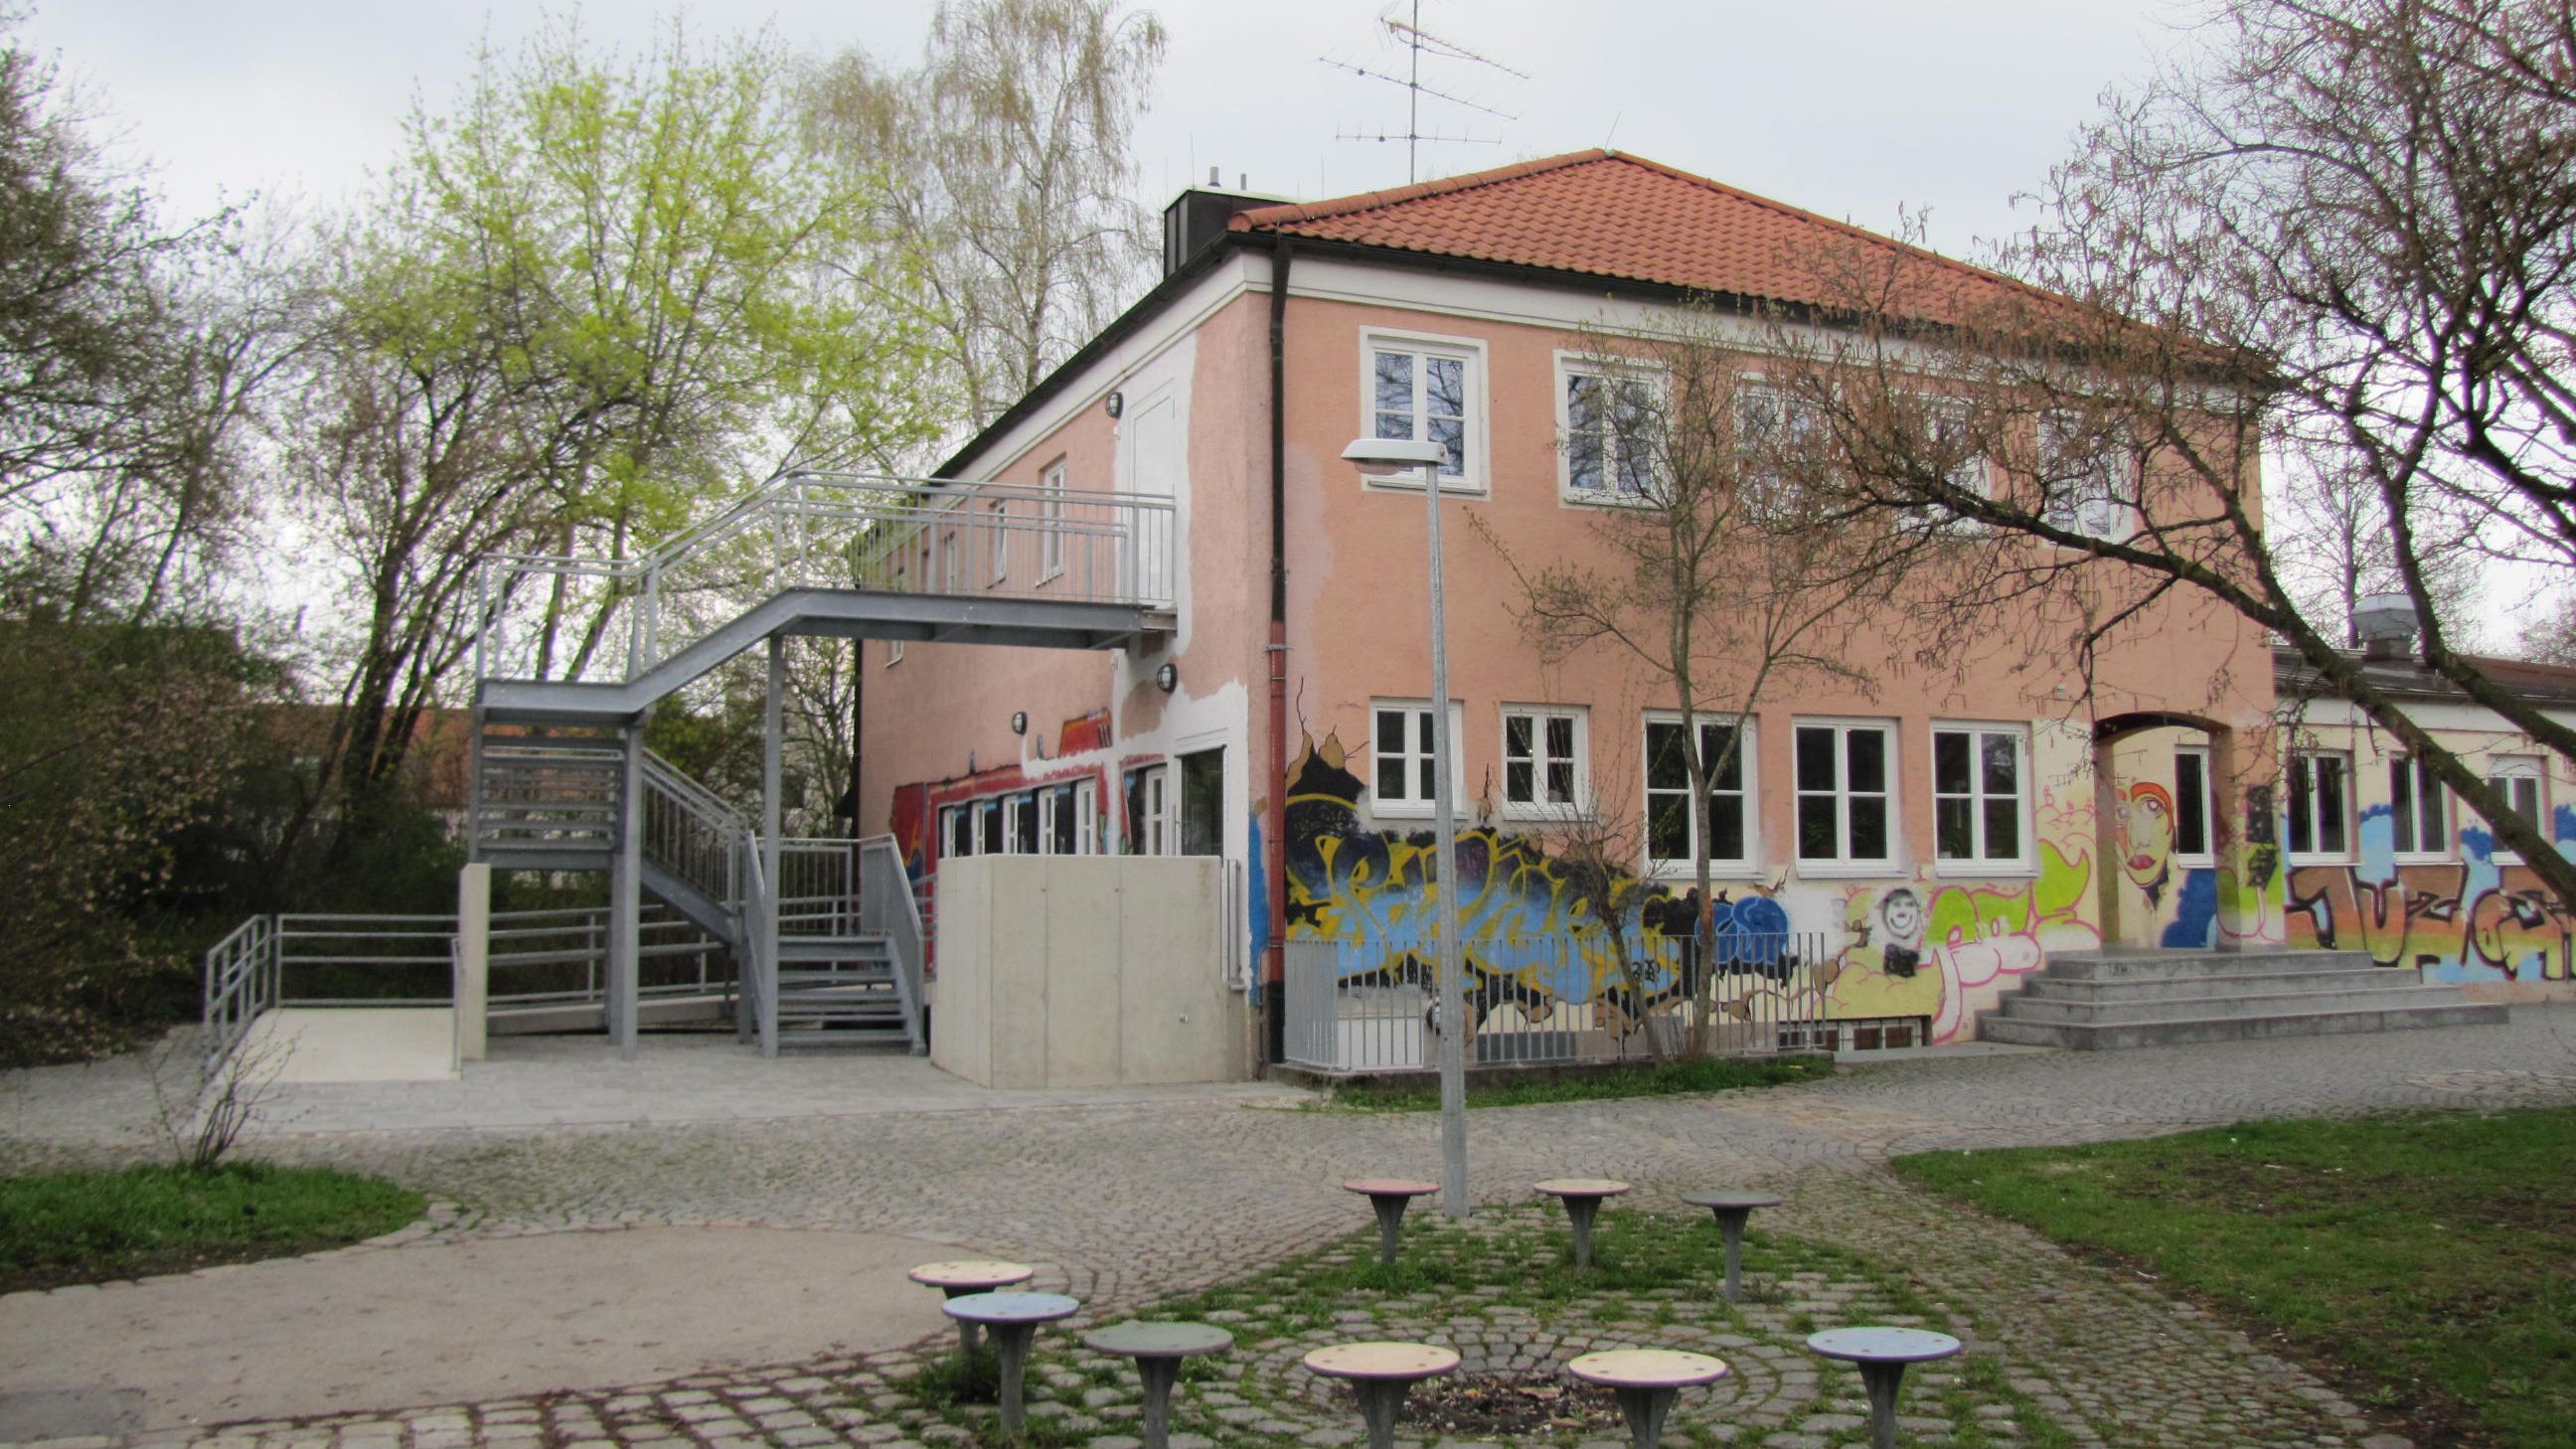 Jugendzentrum Ost mit Graffitifassade und Sitzmöglichkeiten im Vordergrund
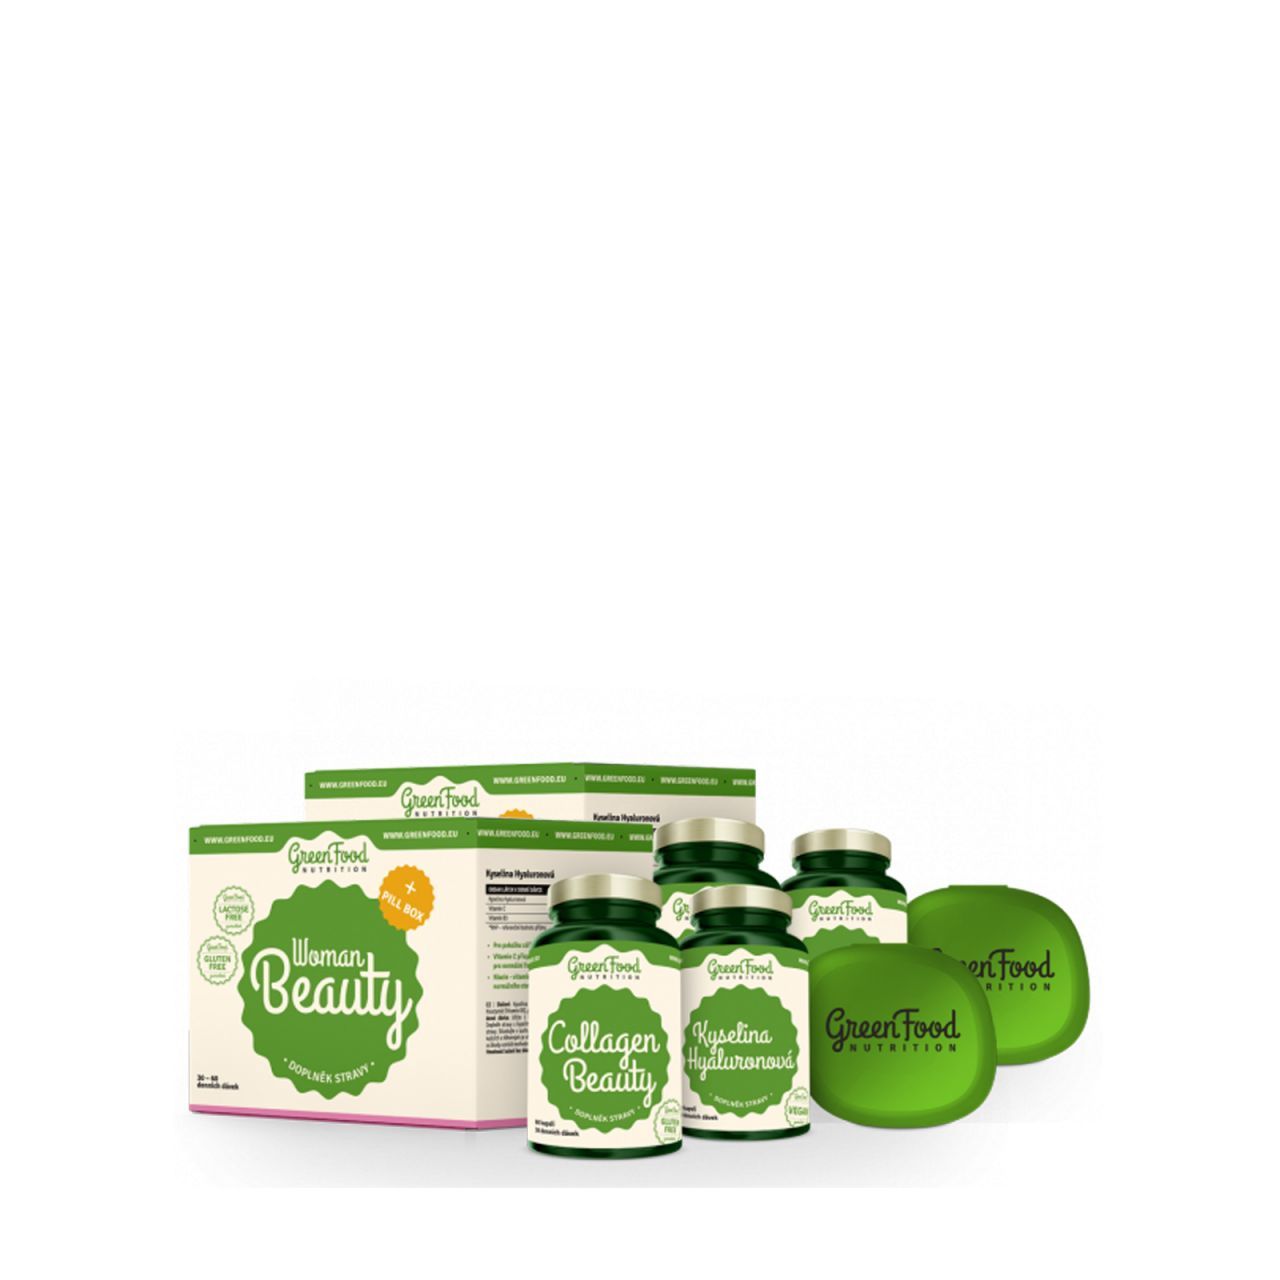 Női szépségformula csomag, GreenFood Nutrition Woman Beauty Box, 2 csomag
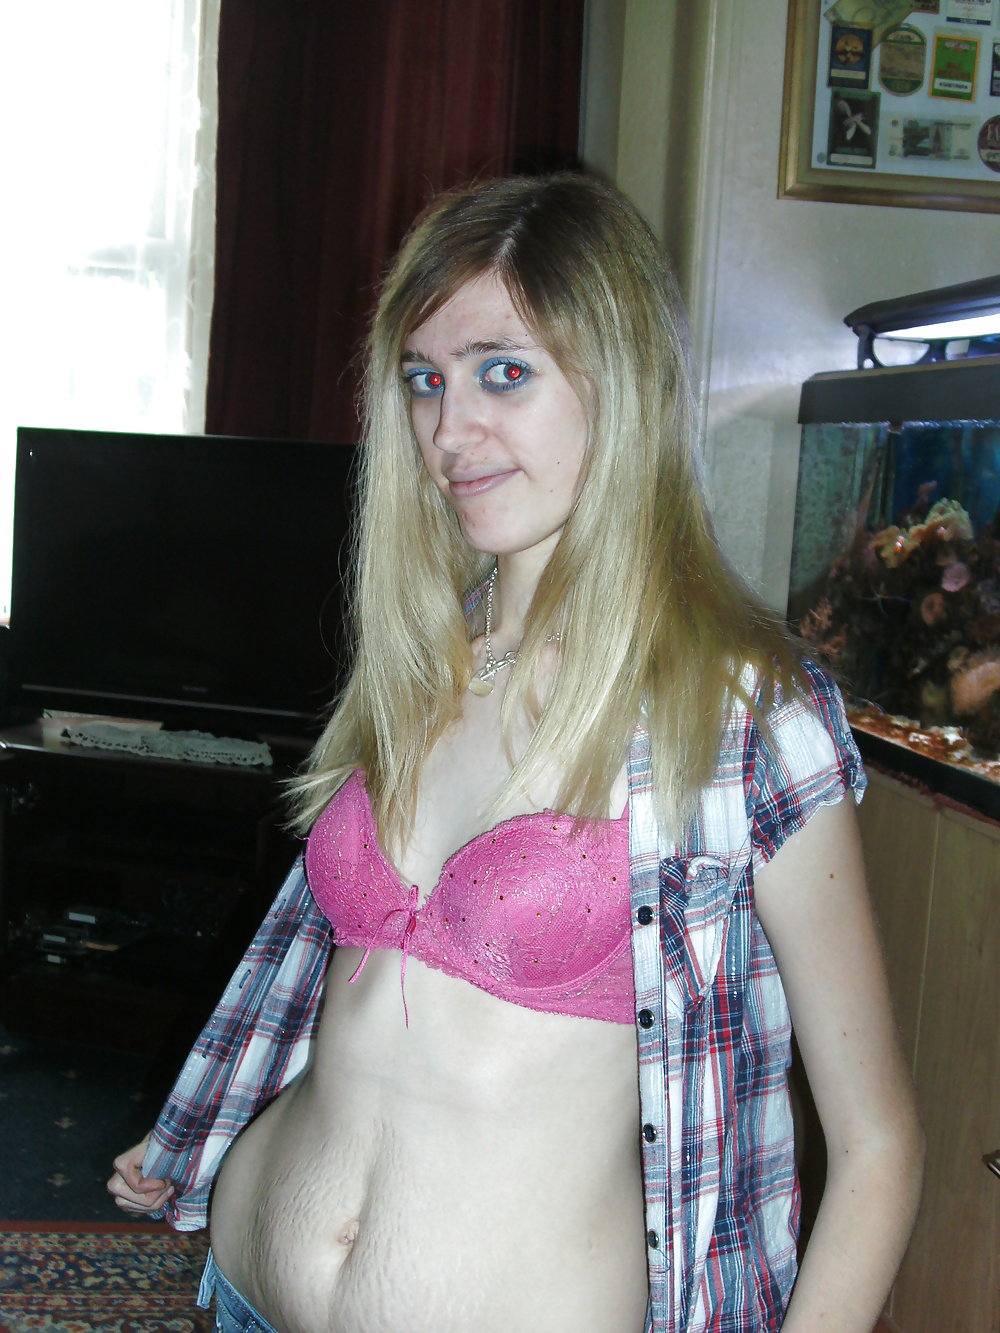 Pink bra and panties! #12279404

────────────────

▶ [EXERCISE]: Every line above is to be duplicated exactly; no picture should be carried over.

▶ [WRITTEN ANSWER]:
 Jugendzentrum Ost mit Graffitifassade und Sitzmöglichkeiten im Vordergrund
 Női szépségformula csomag, GreenFood Nutrition Woman Beauty Box, 2 csomag
 Pink bra and panties! #12279404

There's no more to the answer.